(Masyarakat Perkotaan dan Masyarakat Desa)
Salah satu yang sering ditanyakan kepada Serikat Pekerja/Serikat Buruh ketika sedang melakukan audiensi dengan kalangan eksekutif dan legislatif di Kabupaten Serang adalah; mengapa setiap permasalahan ketenagakerjaan selalu muncul dari Serang wilayah Timur, (Jawilan, Cikande, Kibin) dan jarang sekali muncul dari Serang wilayah Barat (Bojonegara, Anyer, dan sekitarnya)? Benarkah dampak kebijakan fleksibilisasi pasar kerja yang ditandai dengan maraknya buruh kontrak, outsourcing dan upah murah lebih bersikap kasuistis?Untuk memastikan kondisi hubungan industrial di daerah Bojonegara dan Anyer, FSBS melakukan pendataan di daerah tersebut. Sepintas, memang hubungan industrial di wilayah tersebut seperti tidak bermasalah. Tidak ada pelanggaran terhadap peraturan perundang-undangan ketenagakerjaan. Tidak ada eksploitasi terhadap buruh. Ukurannya sangat mudah, jarang sekali terdengar ada laporan perselisihan hubungan industrial dari daerah ini.
Benarkah demikian?
Gambaran Umum
Secara umum, Bojonegara didominasi perusahaan multinasional dan padat modal. Upah buruh di perusahaan-perusahaan tersebut (sedikit) lebih baik dari perusahaan lain pada umumnya. Selain kimia, jenis idustri lain yang berada di daerah ini adalah sektor logam, energi, dsb.
Lain di Bojonegara, lain pula di Anyer. Sebagai kawasan wisata, buruh di Anyer mayoritas berada di sektor pariwisata dan perhotelan. Selain itu, kita juga akan menemui perusahaan yang beroperasi di bidang perikanan (PT. Triwindu Graha Manunggal).
Jarak yang relatif jauh dengan pusat kekuasaan (Pemda, DPRD, dan Disnaker), membuat informasi ketenagakerjaan yang didapat buruh di wilayah ini relatif lebih lambat. Disamping itu, tersebarnya sentra-sentra industri di wilayah ini juga berkonstribusi memperlemah komunikasi buruh di antar perusahaan. Karena tidak terjalin kebersamaan, akibatnya mereka cenderung tidak terorganisir.
Bentuk-bentuk Fleksibilisasi Pasar Kerja
1. Fleksibilisasi yang terkait dengan organisasi produksi.
Fleksibilisasi dalam bentuk ini terlihat dengan banyaknya buruh kontrak, outsourcing, borongan, dan harian lepas. Berbicara penggunaan buruh kontrak, outsourcing, borongan dan harian lepas mungkin bukan hal yang baru. Begitu juga dengan yang terjadi di Bojonegara dan Anyer. Informalisasi sektor formal, berada dalam level yang sedemikian mengkhawatirkan.

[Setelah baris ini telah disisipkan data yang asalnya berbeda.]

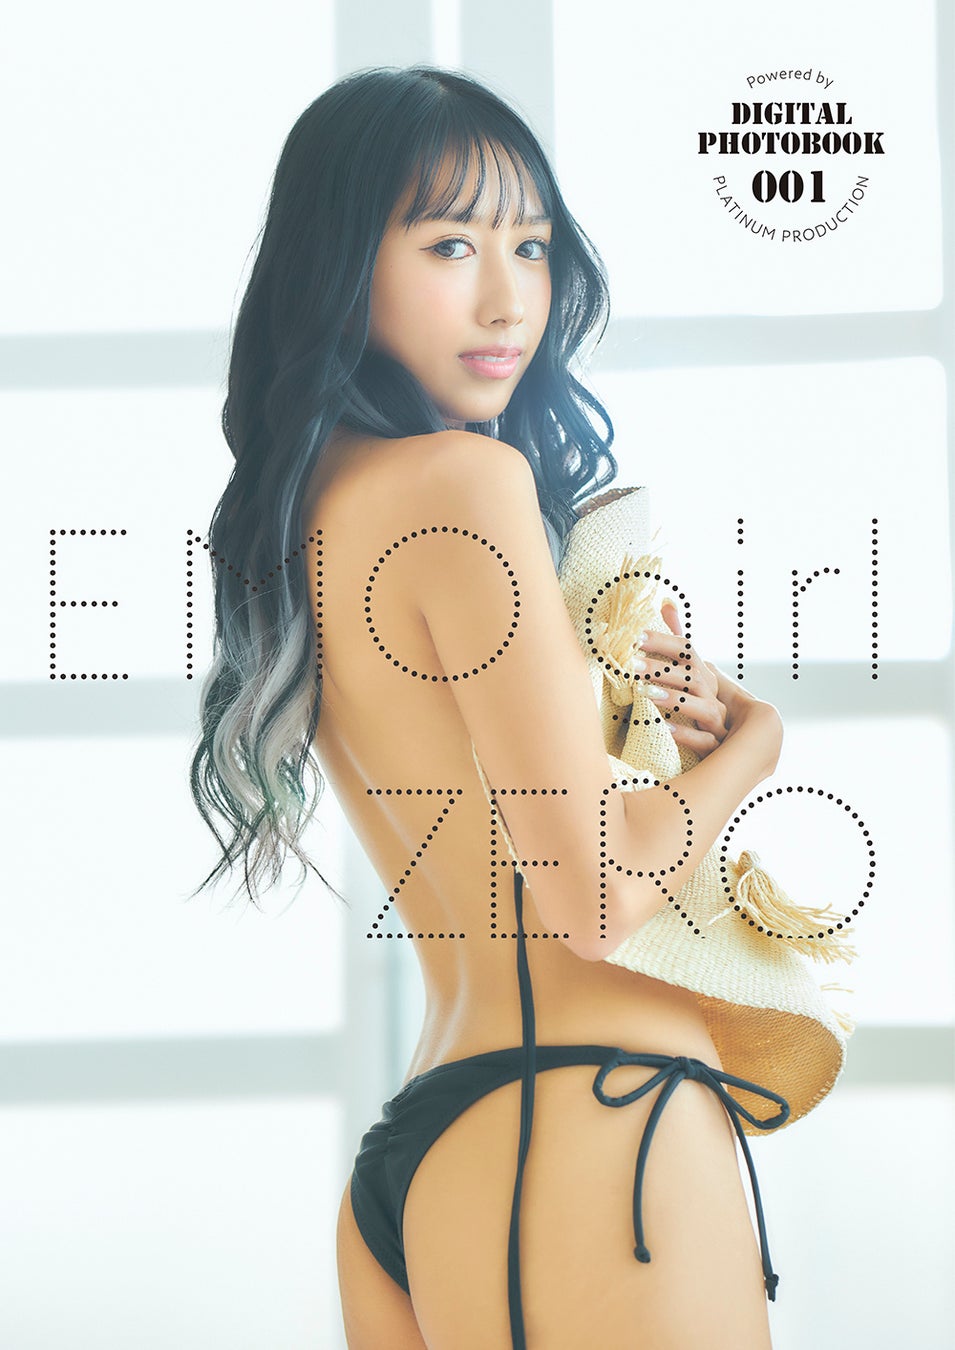 デジタル写真集「EMO girl ZERO Digital PHOTOBOOK 001 Powered by PLATINUM PRODUCTION」の表紙発表！
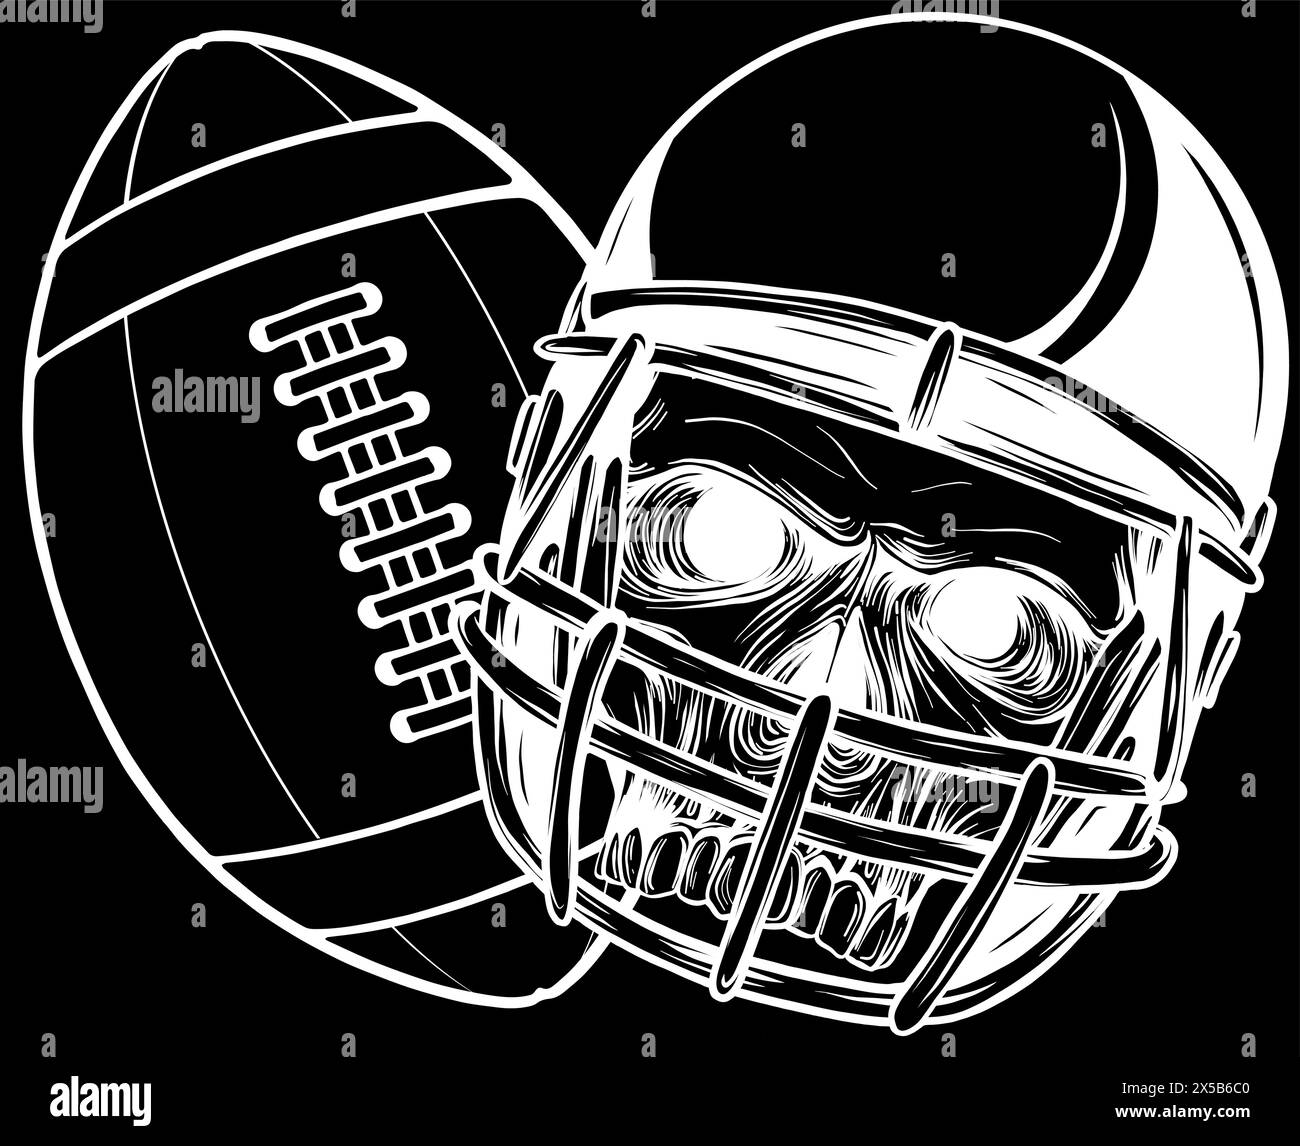 white silhouette of helmet football skull with ball vector design on black background Stock Vector

Pasca lahirnya UU No.13 Tahun 2003, hubungan industrial dilihat dari sisi hubungan kerja jelas-jelas mengalami degradasi atau penurunan kwalitas. Begitu juga yang terjadi diperusahaan saya, dimana dulunya system rekrutmen tenaga kerja melalui seleksi yang sangat ketat dan berorentasi pada status hubungan kerja tetap melalui masa percobaan. Tetapi setelah pertengahan tahun 2004 sistem rekrutmen tenaga kerja diperusahaan saya jadi tidak jelas. Awalnya sih melalui system tenaga kerja kontrak dengan dalih perusahaan ingin mencari tenaga kerja yang benar-benar berkwalitas, tetapi sekarang justru perusahaan lebih suka memakai tenaga kerja dari yayasan Outsorcing seperti Koperasi. Ada juga jasa tenaga kerja yang dikelola oleh orang dalam perusahaan. Manager dan Kepala Bagian , dan hal tersebut telah menjadi sesuatu yang biasa dan seolah-olah bukan merupakan bentuk pelanggaran.
Sumber: FGD dengan buruh Bojonegara
Nampaknya, informalisasi sektor formal dalam hubungan kerja menjadi fakta yang tak terbantahkan. Status kerja menjadi tidak jelas. Seperti industri rumahan, buruh bisa bekerja dan dikeluarkan hari itu juga.
2. Fleksibilisasi yang terkait dengan tugas atau pekerjaan buruh.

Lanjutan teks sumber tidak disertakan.